Available records:

= Beginning of Section =

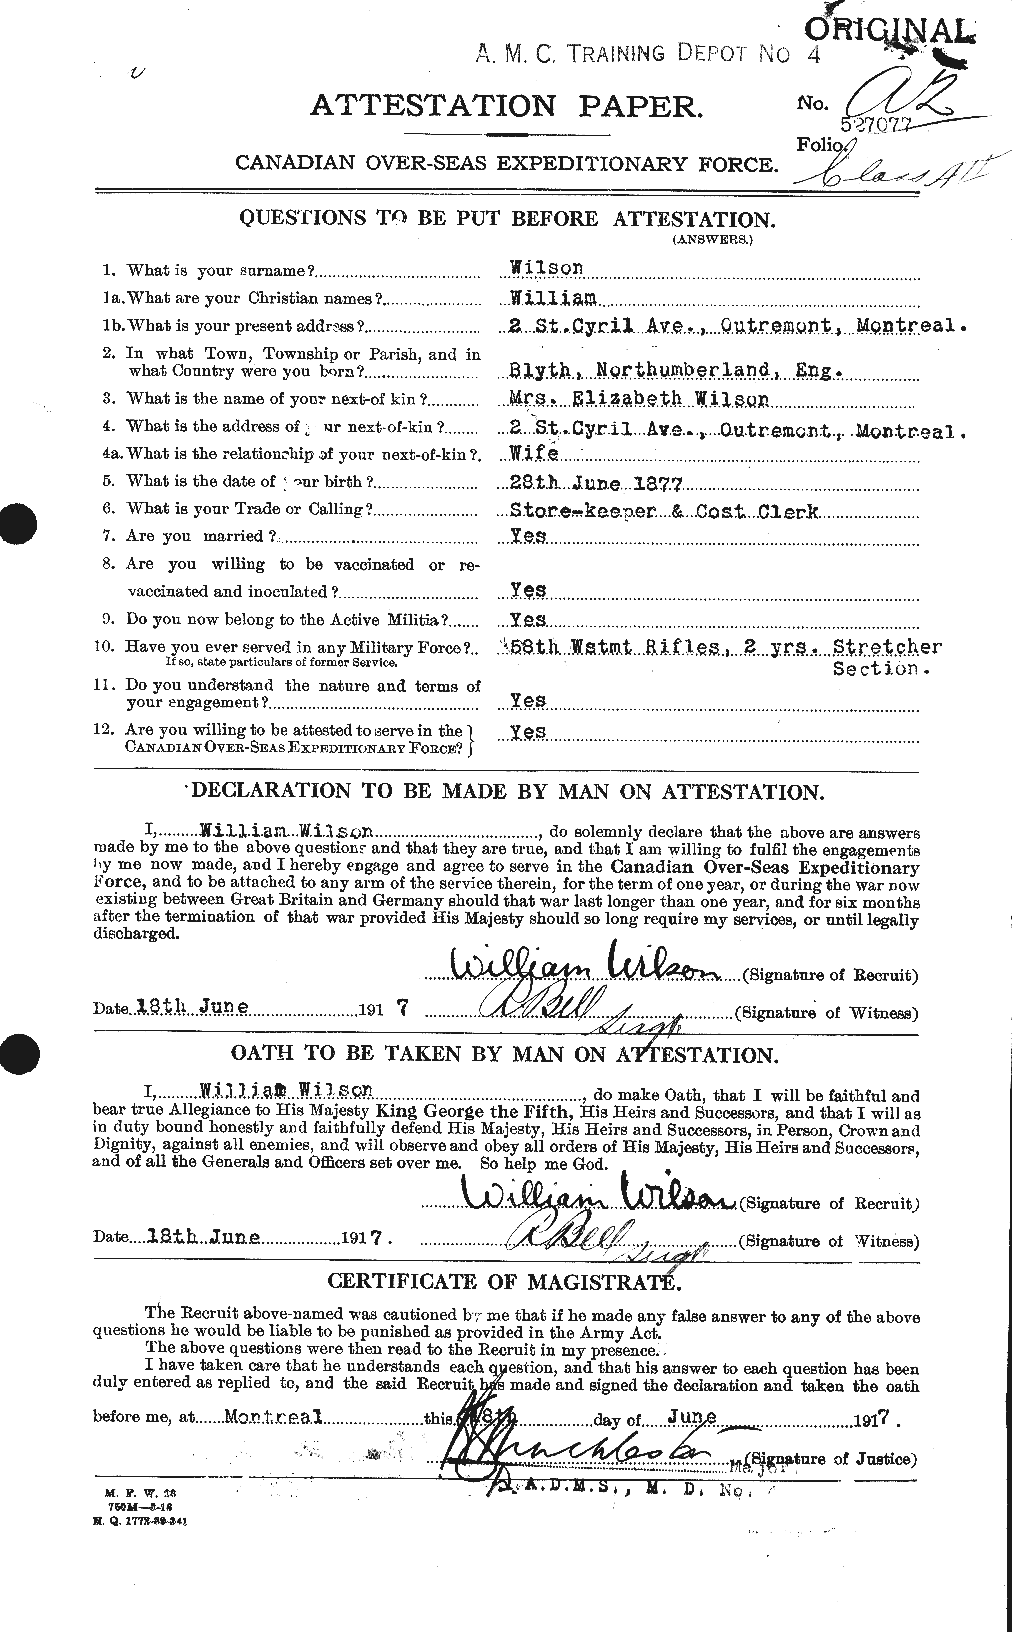 Personnel Records of the First World War - CEF 681815a
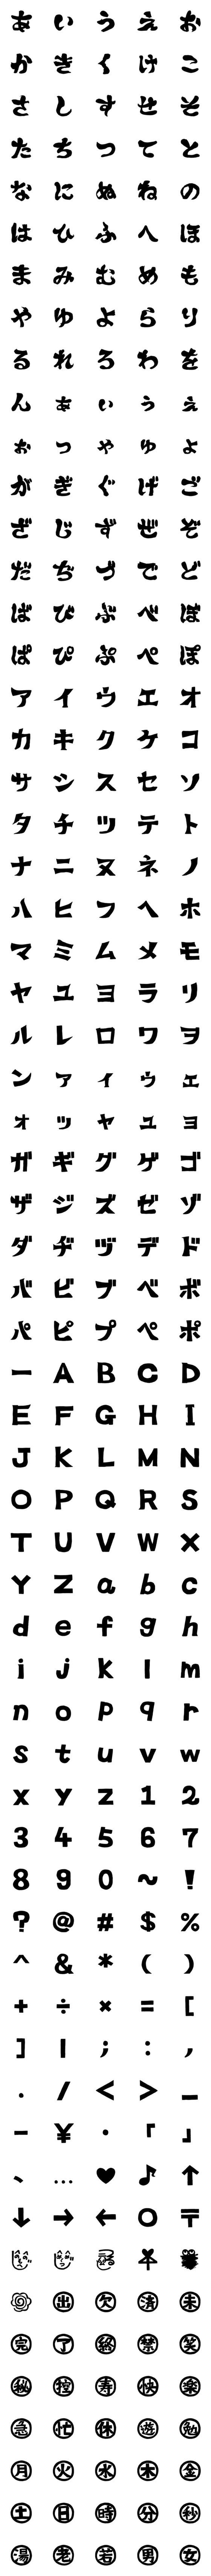 [LINE絵文字]モノクロでハンコっぽいデコ文字＆絵文字の画像一覧
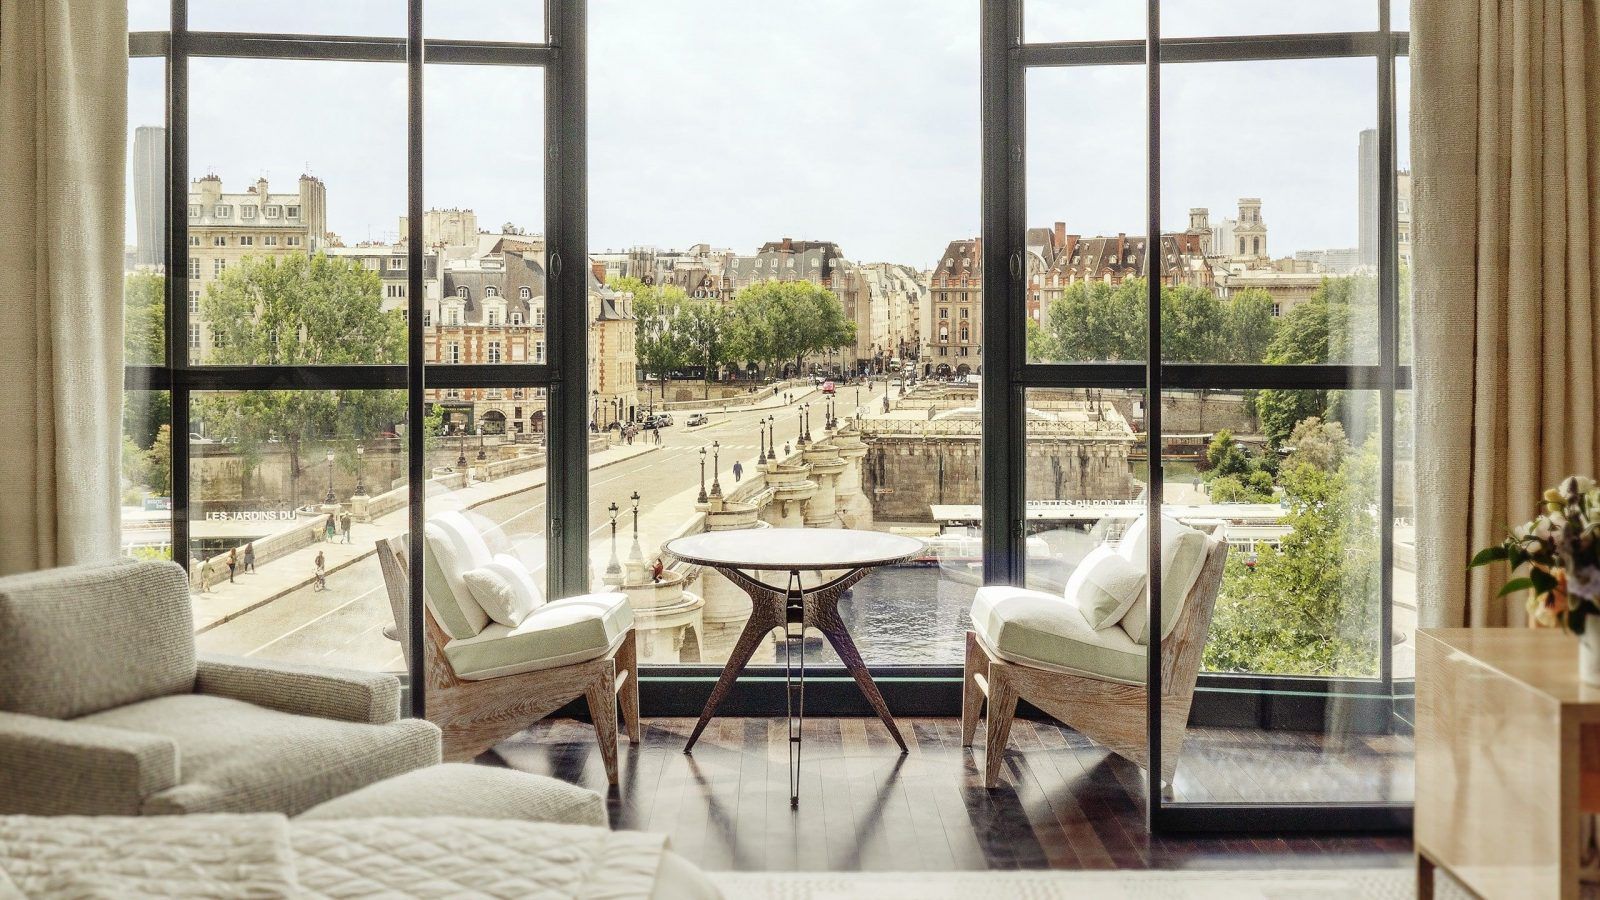 These are the best luxury hotels in Paris, France
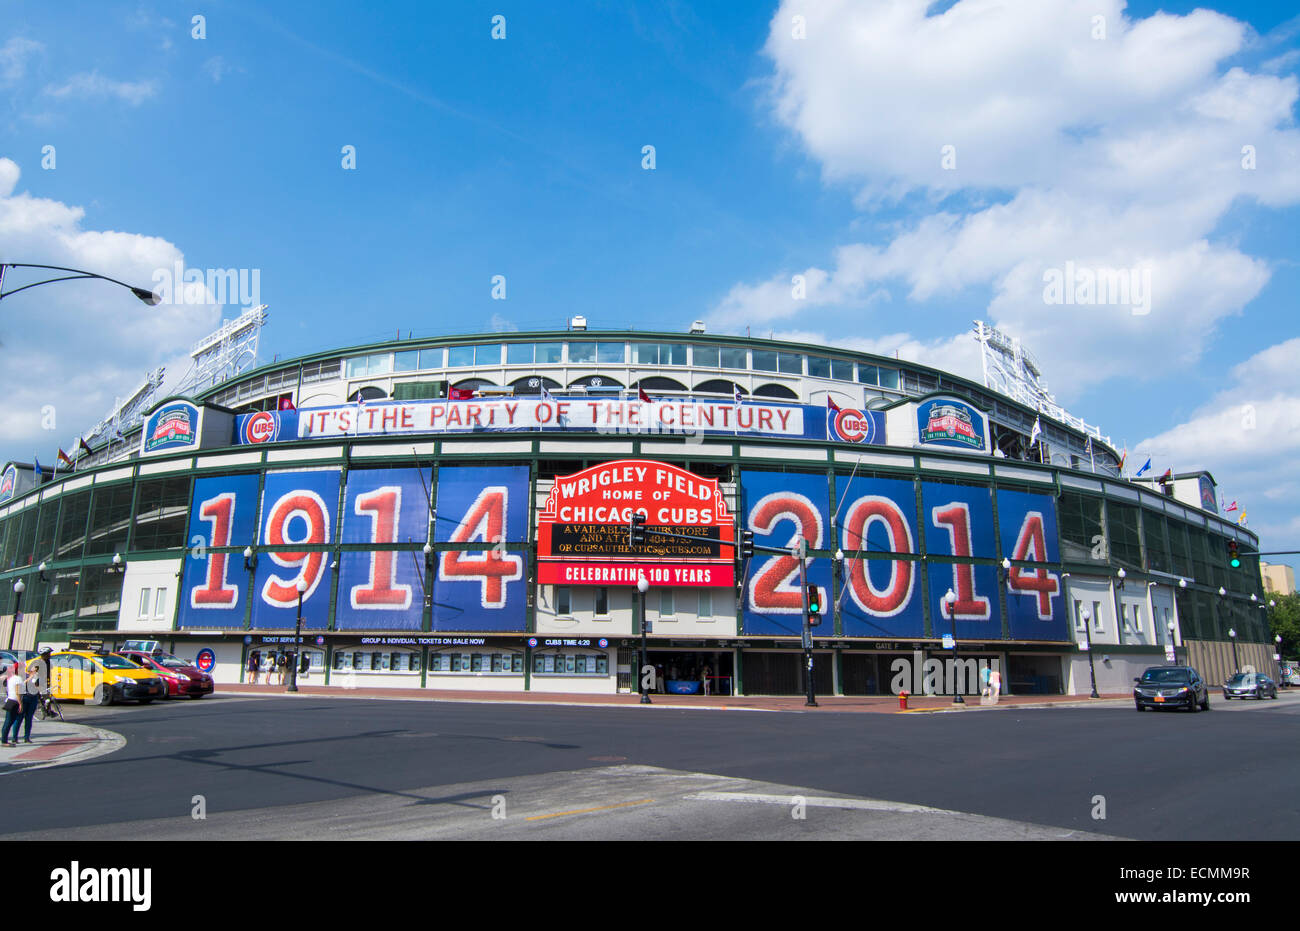 Wrigley Field - Chicago: Get the Detail of Wrigley Field on Times
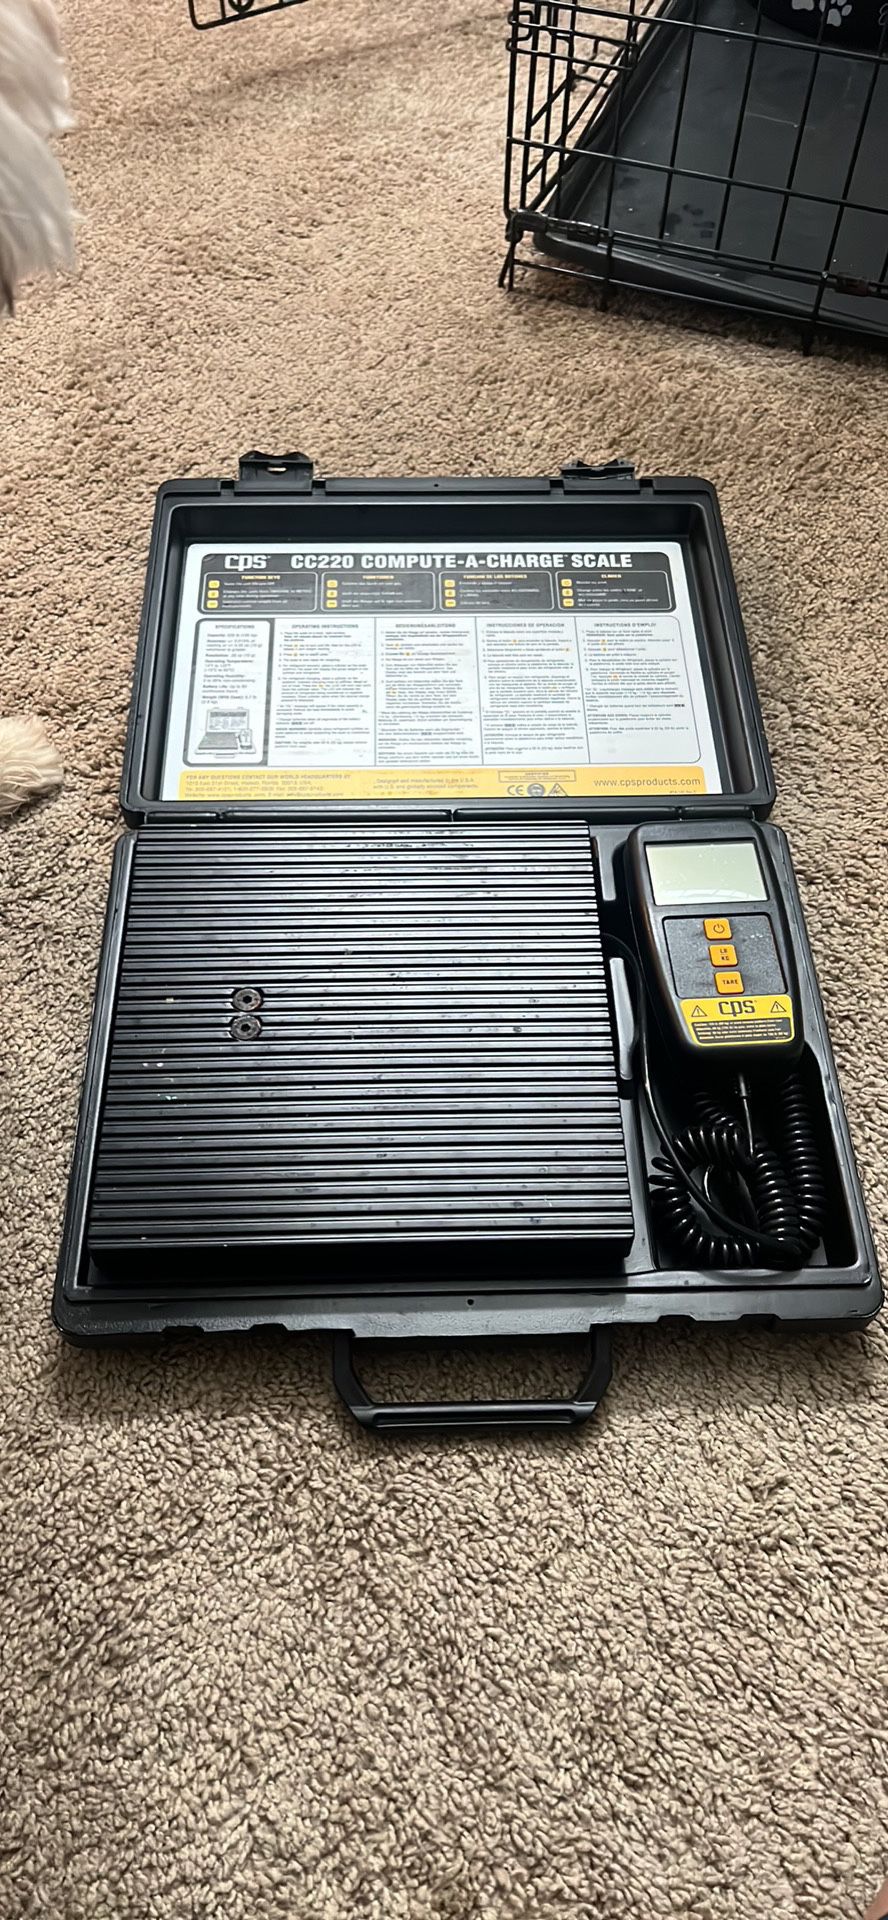 CPS REFRIGERANT SCALE

= End of Section =

Task:
Set down the material once more, exactly, with the pictures omitted.

Finished exercise:
 Personnel Records of the First World War - CEF 681815a
 [LINE絵文字]モノクロでハンコっぽいデコ文字＆絵文字の画像一覧
 These are the best luxury hotels in Paris, France
 Wrigley Field - Chicago: Get the Detail of Wrigley Field on Times
 CPS REFRIGERANT SCALE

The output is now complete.